When Israel defied America’s appeals for restraint by invading Lebanon a few days ago, a reporter asked President Biden if he was comfortable with what had unfolded.

“I’m comfortable with them stopping,” Biden replied plaintively. “We should have a cease-fire now.” He walked away from the podium, grouchy, frustrated and impotent, a self-diminishing president.

It was the latest sign of how Biden keeps getting rolled by Prime Minister Benjamin Netanyahu of Israel. As the political scientist Ian Bremmer said of Biden’s words on the invasion: “Impact: zero.”

Instead of midwifing the landmark Middle East peace that he hoped for, Biden became the arms supplier for the leveling of Gaza — a war that killed more women and children in a single year than any other war in the last two decades, according to Oxfam.

Biden has been calling for restraint for a year, but he marginalized himself by continuously providing the weapons that allowed his appeals to be ignored. He appealed to the better angels of Netanyahu’s nature, but it’s not clear that they exist.
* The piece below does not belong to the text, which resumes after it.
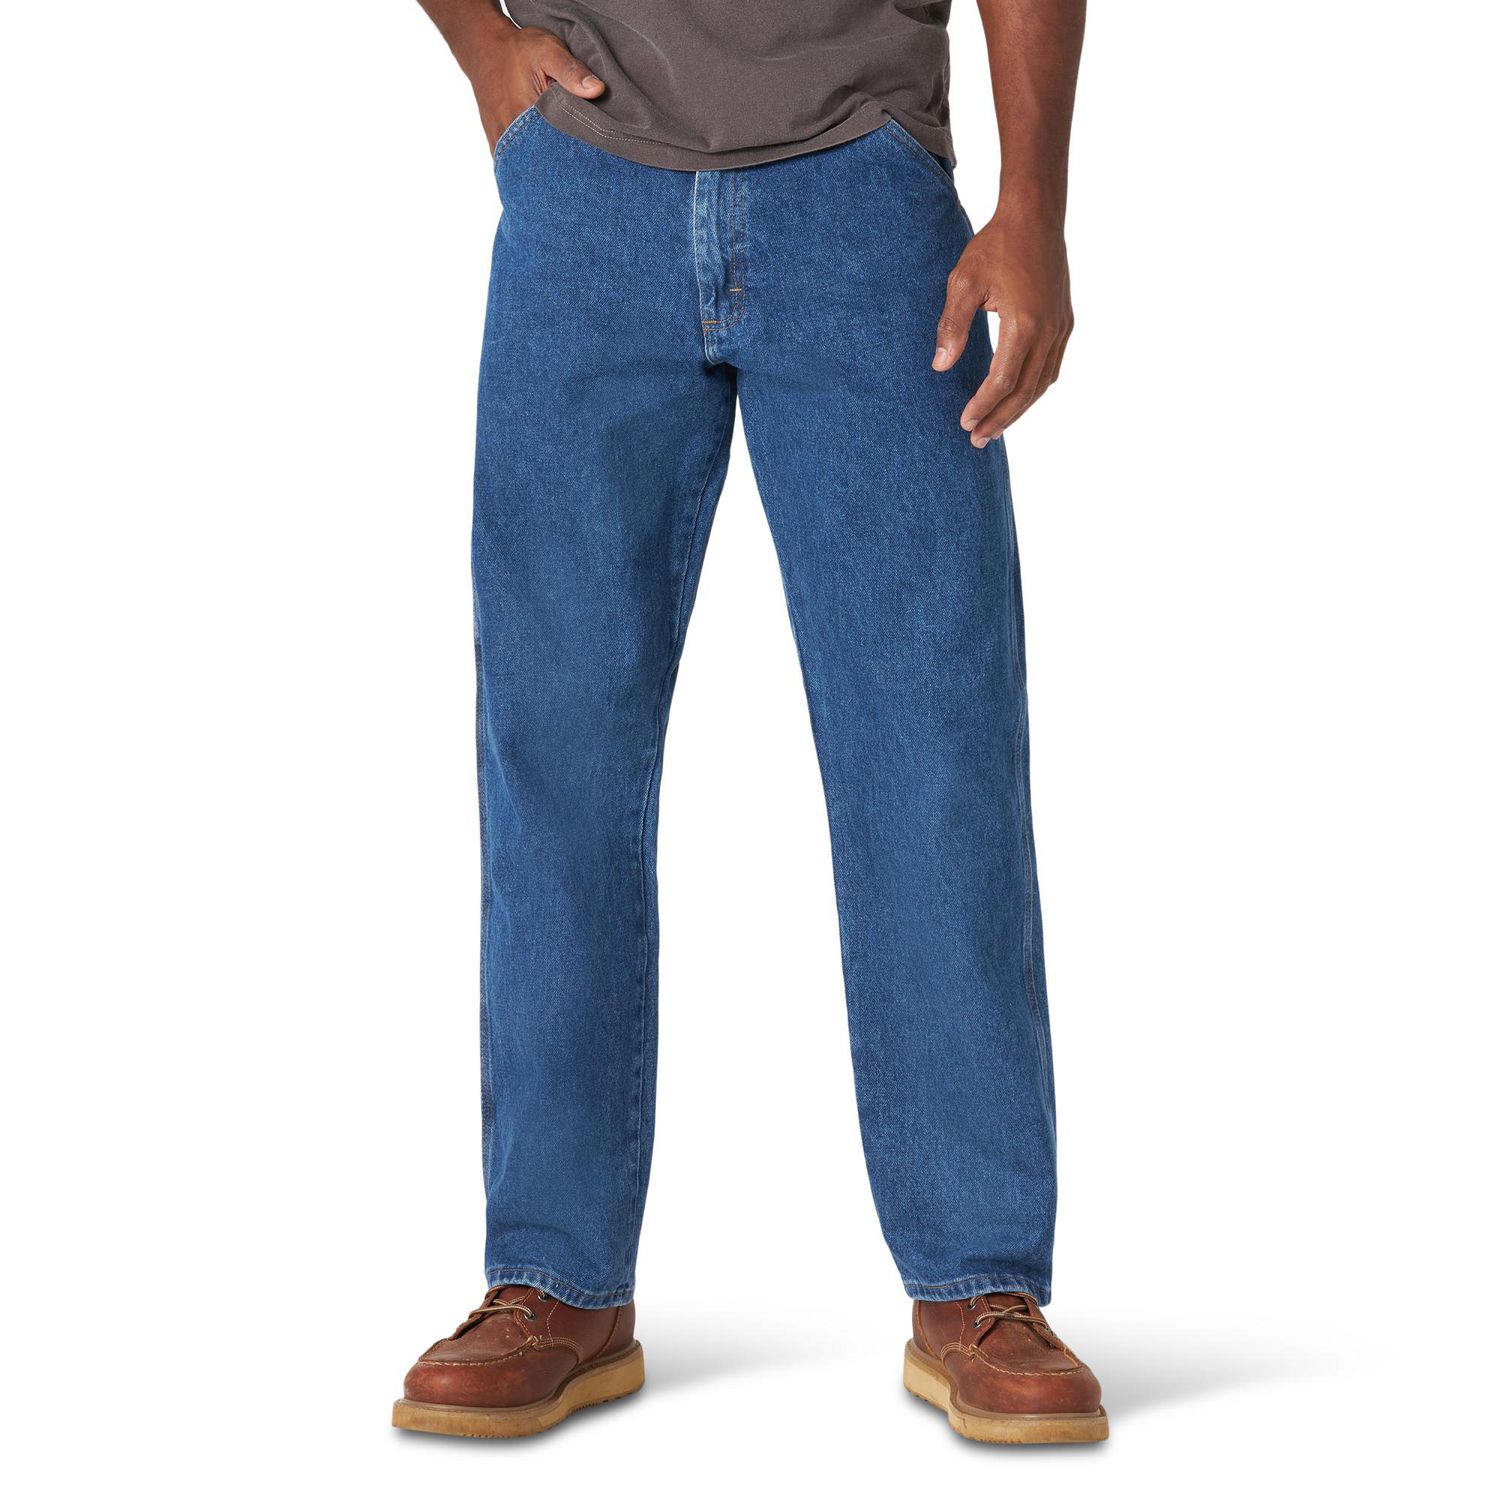 Top 82+ imagen wrangler carpenter jeans walmart - Abzlocal.mx

Biden restricted and conditioned U.S. arms transfers to Ukraine but worried that doing the same to Israel might tempt Hezbollah to attack it. So Biden kept the arms flowing (with the exception of at least one shipment of 2,000-pound bombs) and never imposed serious restrictions on their use. This impunity emboldened Netanyahu to ignore Biden, and the upshot is that Biden has nurtured not a regional peace but, it seems, a regional war — with America at risk of being sucked in.